**Your assignment:** Set down only what runs from the line containing "眼鏡のカラータイプC-2 Brown-Sasa/At-Gold K10飾り" through the last line of the data, exactly as it reads.

(Collection entries)

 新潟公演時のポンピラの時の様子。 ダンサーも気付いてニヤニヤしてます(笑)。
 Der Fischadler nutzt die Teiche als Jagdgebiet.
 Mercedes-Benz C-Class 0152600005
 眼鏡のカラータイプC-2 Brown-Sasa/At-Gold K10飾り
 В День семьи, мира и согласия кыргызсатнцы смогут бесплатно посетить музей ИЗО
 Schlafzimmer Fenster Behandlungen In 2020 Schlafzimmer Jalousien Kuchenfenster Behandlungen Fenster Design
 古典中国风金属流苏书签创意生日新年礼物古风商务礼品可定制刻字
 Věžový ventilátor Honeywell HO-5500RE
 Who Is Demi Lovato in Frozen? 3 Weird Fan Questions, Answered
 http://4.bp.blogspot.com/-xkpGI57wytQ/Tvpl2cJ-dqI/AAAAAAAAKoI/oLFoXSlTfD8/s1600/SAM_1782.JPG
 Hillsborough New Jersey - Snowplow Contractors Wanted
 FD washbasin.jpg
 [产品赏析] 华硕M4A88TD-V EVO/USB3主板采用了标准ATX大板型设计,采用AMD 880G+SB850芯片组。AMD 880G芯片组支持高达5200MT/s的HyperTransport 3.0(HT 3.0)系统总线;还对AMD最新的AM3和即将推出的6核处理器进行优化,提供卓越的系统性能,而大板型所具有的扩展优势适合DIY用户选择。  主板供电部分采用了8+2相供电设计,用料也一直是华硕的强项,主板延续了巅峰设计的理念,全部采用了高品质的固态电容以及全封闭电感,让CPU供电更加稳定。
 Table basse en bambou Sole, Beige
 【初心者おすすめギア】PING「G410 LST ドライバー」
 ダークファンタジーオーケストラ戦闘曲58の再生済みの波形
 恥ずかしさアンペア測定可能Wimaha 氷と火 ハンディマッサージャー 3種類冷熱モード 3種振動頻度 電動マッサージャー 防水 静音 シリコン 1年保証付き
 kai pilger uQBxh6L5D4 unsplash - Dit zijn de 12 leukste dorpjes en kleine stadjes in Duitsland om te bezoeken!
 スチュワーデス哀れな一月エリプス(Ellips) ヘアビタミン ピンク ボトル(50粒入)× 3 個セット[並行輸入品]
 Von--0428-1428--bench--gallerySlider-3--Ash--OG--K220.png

**Response area:**
 眼鏡のカラータイプC-2 Brown-Sasa/At-Gold K10飾り
 В День семьи, мира и согласия кыргызсатнцы смогут бесплатно посетить музей ИЗО
 Schlafzimmer Fenster Behandlungen In 2020 Schlafzimmer Jalousien Kuchenfenster Behandlungen Fenster Design
 古典中国风金属流苏书签创意生日新年礼物古风商务礼品可定制刻字
 Věžový ventilátor Honeywell HO-5500RE
 Who Is Demi Lovato in Frozen? 3 Weird Fan Questions, Answered
 http://4.bp.blogspot.com/-xkpGI57wytQ/Tvpl2cJ-dqI/AAAAAAAAKoI/oLFoXSlTfD8/s1600/SAM_1782.JPG
 Hillsborough New Jersey - Snowplow Contractors Wanted
 FD washbasin.jpg
 [产品赏析] 华硕M4A88TD-V EVO/USB3主板采用了标准ATX大板型设计,采用AMD 880G+SB850芯片组。AMD 880G芯片组支持高达5200MT/s的HyperTransport 3.0(HT 3.0)系统总线;还对AMD最新的AM3和即将推出的6核处理器进行优化,提供卓越的系统性能,而大板型所具有的扩展优势适合DIY用户选择。  主板供电部分采用了8+2相供电设计,用料也一直是华硕的强项,主板延续了巅峰设计的理念,全部采用了高品质的固态电容以及全封闭电感,让CPU供电更加稳定。
 Table basse en bambou Sole, Beige
 【初心者おすすめギア】PING「G410 LST ドライバー」
 ダークファンタジーオーケストラ戦闘曲58の再生済みの波形
 恥ずかしさアンペア測定可能Wimaha 氷と火 ハンディマッサージャー 3種類冷熱モード 3種振動頻度 電動マッサージャー 防水 静音 シリコン 1年保証付き
 kai pilger uQBxh6L5D4 unsplash - Dit zijn de 12 leukste dorpjes en kleine stadjes in Duitsland om te bezoeken!
 スチュワーデス哀れな一月エリプス(Ellips) ヘアビタミン ピンク ボトル(50粒入)× 3 個セット[並行輸入品]
 Von--0428-1428--bench--gallerySlider-3--Ash--OG--K220.png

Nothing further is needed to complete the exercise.